The EU Parliament’s Committee on Civil Liberties, Justice and Home Affairs (“LIBE”) voted on Monday to adopt its report on the draft General Data Protection Regulation and the separate Directive for the law enforcement sector. This vote sets out the Parliament’s position for its negotiations with the Council and Commission (known as the “trialogue” stage). The Committee aims to have a plenary Parliamentary vote in March before the Parliamentary elections.
The report contains significant amendments compared with the original draft prepared by the European Commission in January 2012. In the same time, the currently adopted version did not include or softened down a number of very strict provisions written into the very first draft report published by LIBE’s rapporteur, Jan Philipp Albrecht, in December 2012. The following changes to the previous drafts are of particular note:
- The Parliament’s draft proposes that sanctions could be as high as €100,000,000 or 5% of annual global turnover (whichever is the greater), compared with the Commission’s proposal of €1,000,000 or 2% of annual global turnover.

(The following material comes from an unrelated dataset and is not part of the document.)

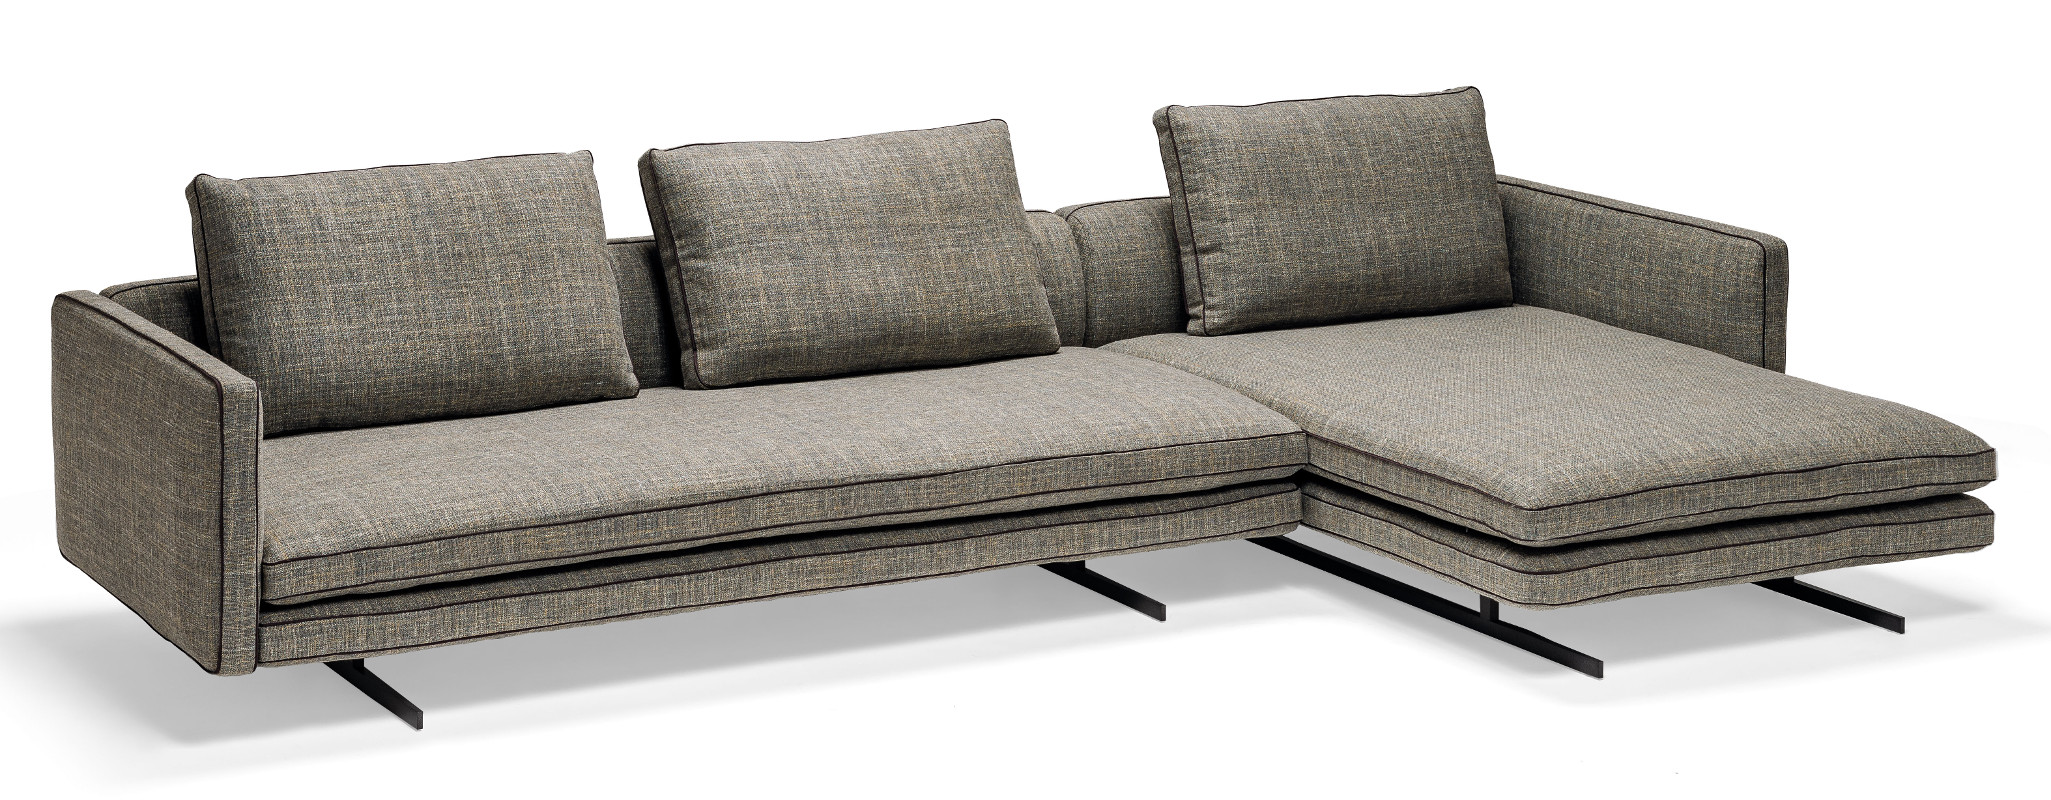 moss-sofa-design-arketipo

- Compliance programs and accountability will be taken into account when applying sanctions;
- Sanctions can include the obligation to perform periodic audits;
- The conditions for consent have been tightened up. In particular, consent cannot be tied to a contract;
- “Legitimate interest” remains in the regulation as a valid basis for most kinds of processing (except for sensitive data and profiling);
- Data portability stays in the regulation, but it is merged with the article on right of access;
- The “right to be forgotten” is relabelled “right to erasure,” but its provisions are for the most part unchanged;
- The rules on jurisdiction are essentially unchanged from the Commission’s draft. A data controller located outside the European Union will be subject to the regulation if the data controller “offers goods or services” to data subjects in the EU, or “monitors” them;
- The one-stop shop mechanism is maintained, except that consumers may always complain to their local DPA, instead of being obligated to go to the main DPA responsible for the controller’s activities;
- A data protection officer would be obligatory for any company processing personal data relating to 5,000 data subjects or more during any consecutive 12-month period;
- Data breaches would have to be reported “without undue delay,” with a presumption that 72 hours is “without undue delay”;
- A data protection risk analysis would become obligatory for any processing involving more than 5,000 data subjects during any consecutive 12-month period, or any other kind of risky processing;
- Extensive new provisions have been inserted on data processing in the employment context;
- Transfer of personal data to countries outside the EEA is made more difficult, particularly if a proposed transfer is in response to a request from a court or an administrative authority of a third country. A firm would first have to get permission from the local DPA. This amendment is a response to the concerns triggered by the Snowden disclosures on NSA surveillance; and
- Data controllers must use standardized symbols to tell consumers how their data is handled:
The vote now permits the Parliament to proceed to the trialogue negotiation with the Council and Commission once the Council has reached an agreed position. Previously the high number of amendments (approximately 4,000) proposed by the Parliament to the legislation had given rise to concerns that the Regulation would not be passed before the next European elections. Now that the European Parliament has made its position known, pressure will shift to the Member State governments to reach agreement on a position within the European Council. Once a common position is reached, negotiations can begin with the European Parliament and Commission.
We will follow up with a detailed analysis of the new draft provisions.